Девушка совершенно не умела врать, а посему, смотря прямо в глаза Ивану, честно призналась:

– Запали вы в мое сердечко, Василий Егорович…Простите меня, ради Бога!

Иван утонул в ее широко распахнутых лучистых и нежных глазах, и теплая волна, казалось, захлестнуло его сердце.

«Она влюблена. Это хорошо и плохо: он может не сдержать себя и тогда…»

– Да за что же тебя прощать, Глаша?

– Ну, как же? Разве вы сами не ведаете, что простая девушка из деревушки даже во сне не может о богатом московском купце грезить.

– Чепуха все это, милая Глаша. Не только купец, но и дворянин может выбрать себе суженую даже из крестьянок.

– Правда?

«Господи! Ее глаза могут свести с ума. Как хочется обнять и страстно поцеловать эту чудесную девушку, но он должен задавить в себе свою похоть. Обязательно задавить, ради спасения Глаши».

– Правда, Глаша.

Иван слегка коснулся ее мягкого, округлого плеча и предложил:

– Давай опять рекой и озером полюбуемся. В прошлый раз глаз не мог оторвать. Какие же здесь красоты!

– Давайте, Василий Егорович Здесь можно стоять часами и все равно не наглядишься… А знаете, – девушка кинула на Ивана задорный взгляд, – вы еще не видели наши Нелидовские озера. Отсюда их не приметишь, они прямо за Ветлугой, но их загораживают заросли, а на челне к ним легко можно пробраться. Я туда нередко с тятенькой плаваю рыбу ловить. Там такая красота![152]152
  Автор произведения два года (1959-61) проживал в описываемых им местах, тем более, по легенде на Богородицком взгорье когда-то побывал Ванька Каин.


[Закрыть]
Хотите посмотреть?

– Вплавь поплывем? – улыбнулся Иван.

– Почему же вплавь? У меня челн на берегу с веслом стоит. Не забоитесь?

– Это с тобой-то, Глаша? Да хоть на край света!

– Ой… Как я рада, Василий Андреевич. Какой же вы дивный.

Глаза девушки были заполнены счастьем, и тогда Иван вытянул из кармана небольшую коробочку, облаченную красным бархатом.

– Ты уж извини, Глаша. В прошлый раз я предлагал тебе золотые сережки купить, а ты отказалась. И все же я хочу тебе их подарить.
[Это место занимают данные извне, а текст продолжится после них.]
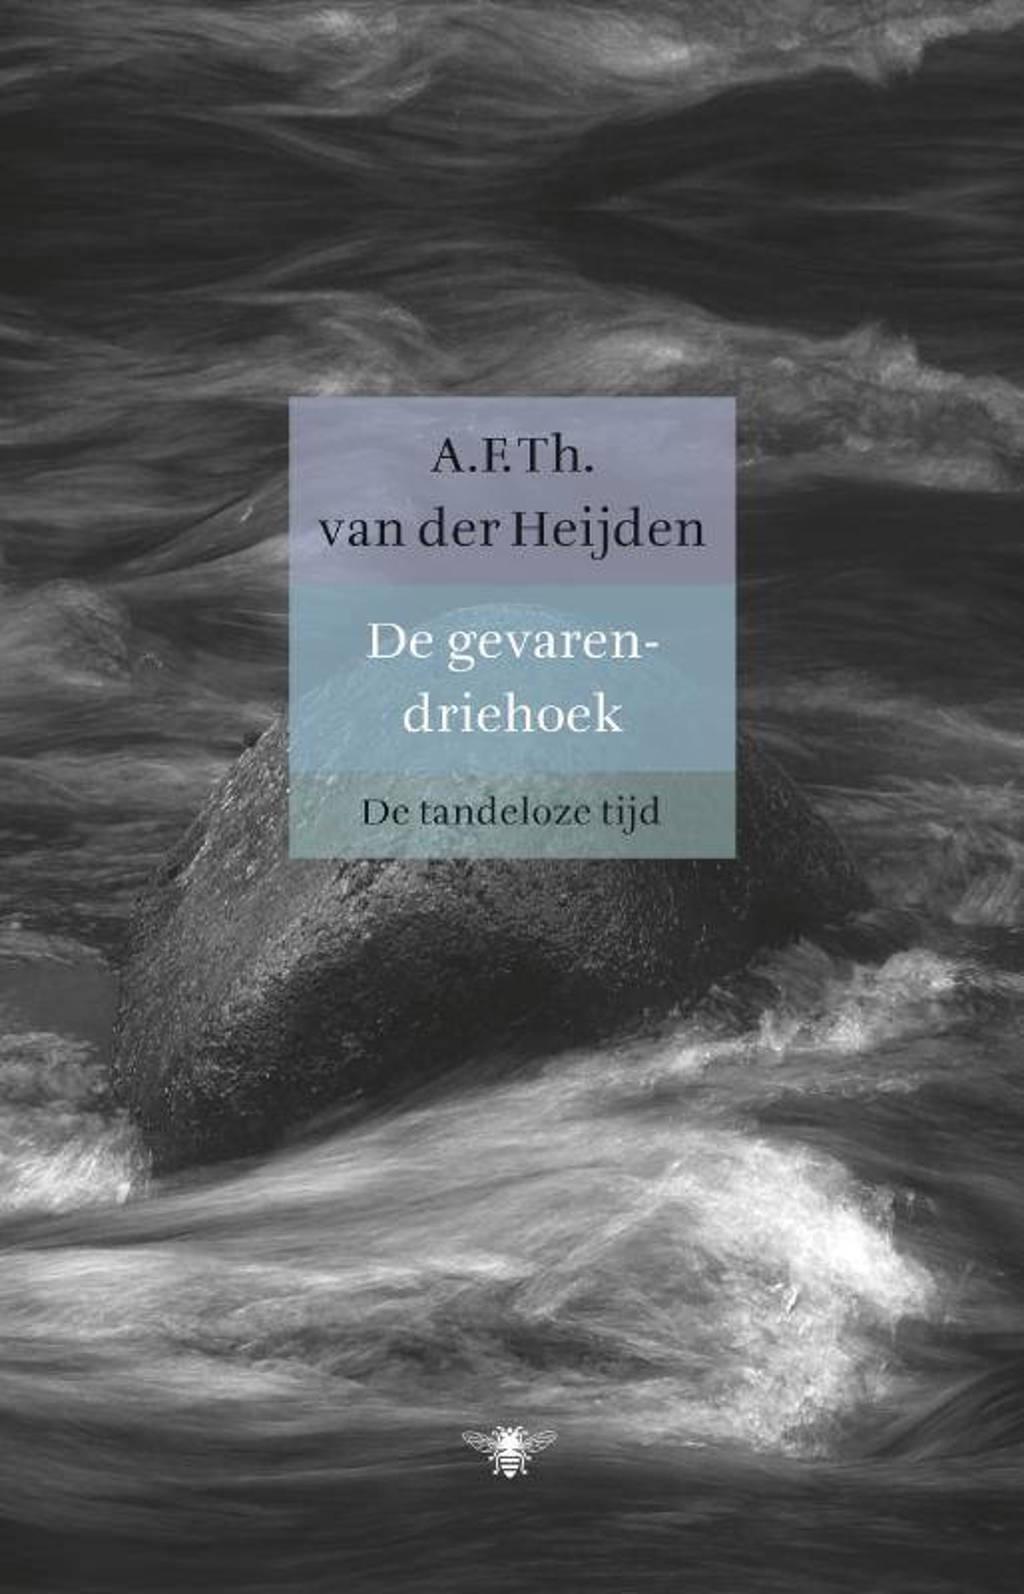 De tandeloze tijd: De gevarendriehoek - A.F.Th. van der Heijden
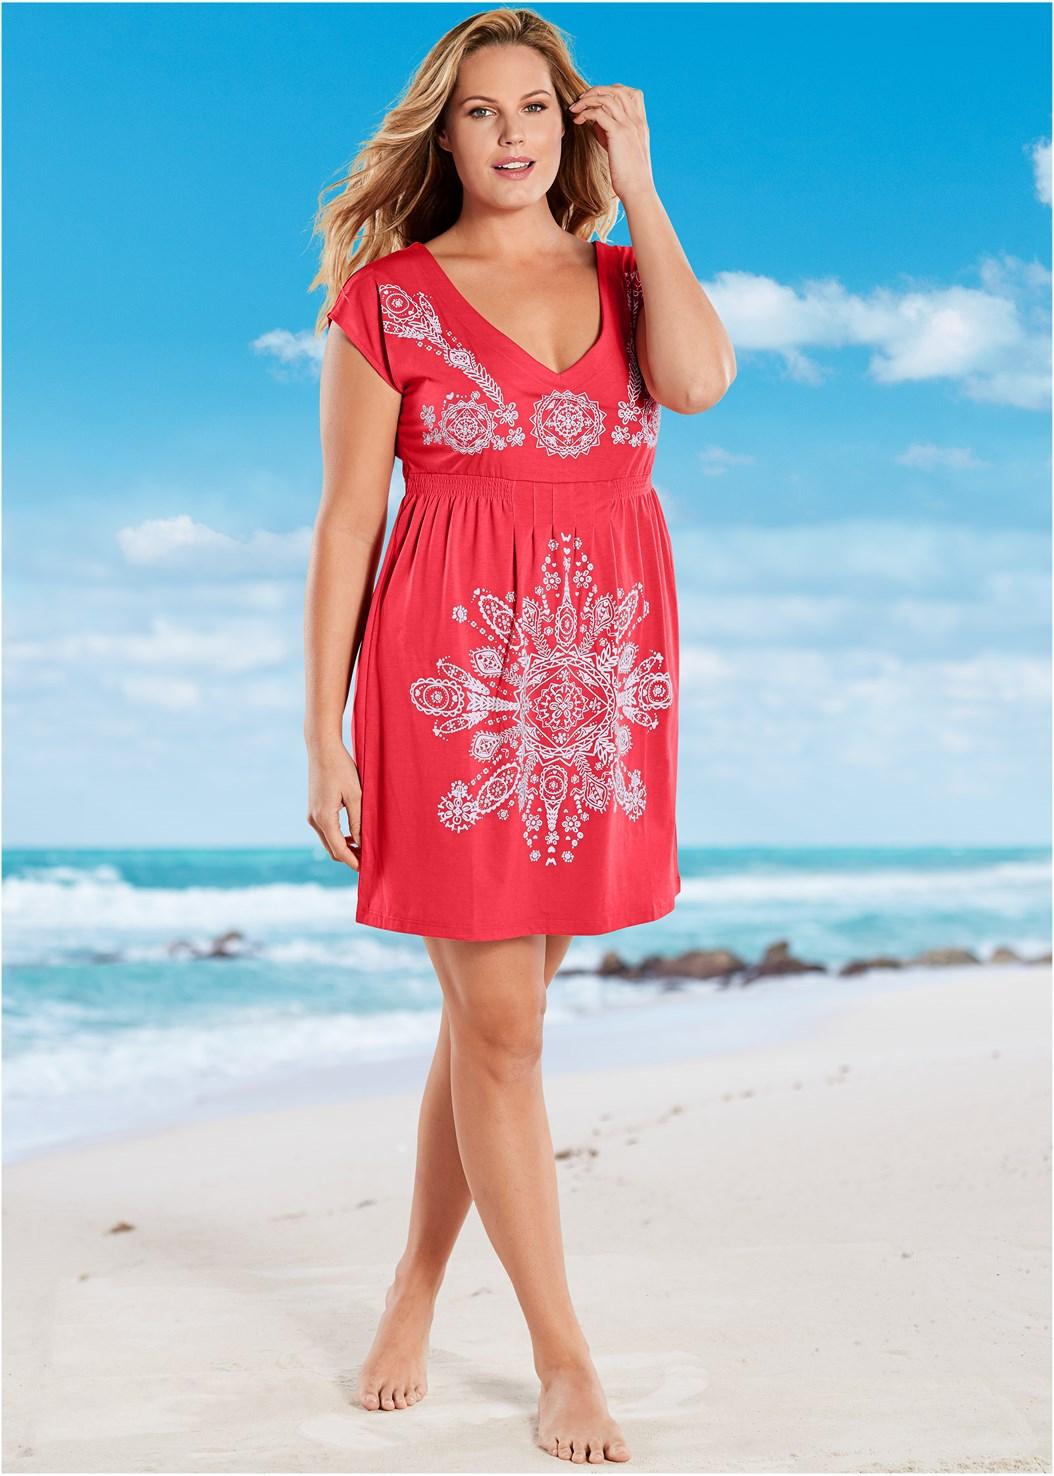 Print Dress,Goddess Enhancer Push Up Halter Top,High Waist Full Cut Bottom

Раскрой коробочку.

– Какие красивые! – ахнула девушка. – Такие только царевны носят.

Глаша приложила сережки к мочкам ушей и вздохнула:

– Жаль, что зеркальца нет.

– Дома можно посмотреться?

– Дома?.. Да вы что, Василий Егорович? У нас во всей деревне нет ни одного зеркальца.

– Да ты выходит, Глаша, даже своего лица не знаешь.

– Шутите, Василий Егорыч, – снова метнула на купца задорный взгляд девушка. – В кадушку водицы наношу и посмотрюсь.

– А ведь на самом деле, Глаша, – рассмеялся Иван. – Сам детские годы в деревне жил. Мать, бывало, иногда в кадушку с водой смотрелась, когда молодая была.

Девушка отняла от ушей сережки, уложила их в коробочку и протянула Ивану.

– Благодарствую, Василий Егорыч, но ваш подарок взять не могу.

Но Иван заложил руки за спину.

– Но я ж от чистого сердце. Ты мне, Глаша, взгорье и озеро показала, а я тебе за это скромный подарок преподнес.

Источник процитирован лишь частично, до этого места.